**Exercise prompt**
Only lines with the string "Center" are wanted. Pull them out of the data.

Stored data
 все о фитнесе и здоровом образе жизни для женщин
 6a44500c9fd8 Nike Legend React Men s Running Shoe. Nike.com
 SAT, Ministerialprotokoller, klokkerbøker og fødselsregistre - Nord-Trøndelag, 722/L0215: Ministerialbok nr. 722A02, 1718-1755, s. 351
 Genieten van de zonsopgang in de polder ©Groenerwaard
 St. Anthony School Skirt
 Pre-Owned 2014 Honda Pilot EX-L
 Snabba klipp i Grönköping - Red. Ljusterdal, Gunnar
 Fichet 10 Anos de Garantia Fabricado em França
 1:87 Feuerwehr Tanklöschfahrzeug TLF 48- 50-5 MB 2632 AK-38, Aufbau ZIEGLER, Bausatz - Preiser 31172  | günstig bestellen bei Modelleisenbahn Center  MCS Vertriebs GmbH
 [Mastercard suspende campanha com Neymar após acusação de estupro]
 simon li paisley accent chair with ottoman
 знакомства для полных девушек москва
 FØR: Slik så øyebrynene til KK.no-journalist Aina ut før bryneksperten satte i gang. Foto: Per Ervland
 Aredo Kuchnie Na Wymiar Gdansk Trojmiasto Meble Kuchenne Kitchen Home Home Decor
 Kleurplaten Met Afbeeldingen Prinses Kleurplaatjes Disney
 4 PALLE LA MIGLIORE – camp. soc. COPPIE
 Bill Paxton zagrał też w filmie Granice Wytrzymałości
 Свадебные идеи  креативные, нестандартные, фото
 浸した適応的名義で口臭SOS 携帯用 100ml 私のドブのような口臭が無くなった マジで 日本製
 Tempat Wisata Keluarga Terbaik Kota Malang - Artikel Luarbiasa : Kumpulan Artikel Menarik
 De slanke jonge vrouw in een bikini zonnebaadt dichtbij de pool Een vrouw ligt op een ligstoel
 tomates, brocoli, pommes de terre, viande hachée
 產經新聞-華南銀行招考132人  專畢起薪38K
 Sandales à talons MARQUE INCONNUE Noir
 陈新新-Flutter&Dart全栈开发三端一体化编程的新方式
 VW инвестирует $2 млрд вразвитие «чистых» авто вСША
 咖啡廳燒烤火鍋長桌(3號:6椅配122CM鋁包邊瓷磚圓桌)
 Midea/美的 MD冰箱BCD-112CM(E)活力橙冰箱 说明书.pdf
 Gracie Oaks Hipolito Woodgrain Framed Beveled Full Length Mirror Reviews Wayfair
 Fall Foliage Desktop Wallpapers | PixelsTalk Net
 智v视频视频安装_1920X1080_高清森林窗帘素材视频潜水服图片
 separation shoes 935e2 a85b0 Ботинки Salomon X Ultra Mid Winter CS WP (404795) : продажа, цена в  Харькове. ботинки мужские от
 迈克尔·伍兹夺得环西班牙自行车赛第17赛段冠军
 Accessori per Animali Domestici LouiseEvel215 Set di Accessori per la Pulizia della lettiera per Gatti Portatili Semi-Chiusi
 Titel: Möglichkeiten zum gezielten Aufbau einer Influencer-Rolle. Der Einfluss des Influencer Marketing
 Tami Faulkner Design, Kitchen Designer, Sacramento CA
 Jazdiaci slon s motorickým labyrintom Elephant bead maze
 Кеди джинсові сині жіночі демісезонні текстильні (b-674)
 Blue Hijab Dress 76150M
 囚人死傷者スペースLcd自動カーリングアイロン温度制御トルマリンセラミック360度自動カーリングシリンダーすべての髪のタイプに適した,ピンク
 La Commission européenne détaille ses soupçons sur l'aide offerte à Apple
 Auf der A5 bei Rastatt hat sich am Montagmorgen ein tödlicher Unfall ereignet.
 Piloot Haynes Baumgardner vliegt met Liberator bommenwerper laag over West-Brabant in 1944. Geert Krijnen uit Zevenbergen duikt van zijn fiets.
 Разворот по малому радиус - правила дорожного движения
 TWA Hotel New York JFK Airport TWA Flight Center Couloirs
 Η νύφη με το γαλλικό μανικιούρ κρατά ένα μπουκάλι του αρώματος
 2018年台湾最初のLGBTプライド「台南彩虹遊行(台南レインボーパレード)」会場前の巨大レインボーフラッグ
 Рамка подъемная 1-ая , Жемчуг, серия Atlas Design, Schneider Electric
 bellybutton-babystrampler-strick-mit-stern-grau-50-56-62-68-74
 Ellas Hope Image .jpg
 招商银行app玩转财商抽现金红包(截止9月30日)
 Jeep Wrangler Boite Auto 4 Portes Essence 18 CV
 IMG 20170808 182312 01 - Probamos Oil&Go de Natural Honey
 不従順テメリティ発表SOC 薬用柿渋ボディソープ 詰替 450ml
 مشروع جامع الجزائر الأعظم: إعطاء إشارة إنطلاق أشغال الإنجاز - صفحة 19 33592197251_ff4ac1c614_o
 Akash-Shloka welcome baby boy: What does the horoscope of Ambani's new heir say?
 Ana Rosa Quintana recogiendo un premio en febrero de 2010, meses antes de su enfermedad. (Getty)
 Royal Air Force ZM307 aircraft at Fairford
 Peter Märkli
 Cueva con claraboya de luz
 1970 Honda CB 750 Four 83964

**Solution to this problem**
 1:87 Feuerwehr Tanklöschfahrzeug TLF 48- 50-5 MB 2632 AK-38, Aufbau ZIEGLER, Bausatz - Preiser 31172  | günstig bestellen bei Modelleisenbahn Center  MCS Vertriebs GmbH
 TWA Hotel New York JFK Airport TWA Flight Center Couloirs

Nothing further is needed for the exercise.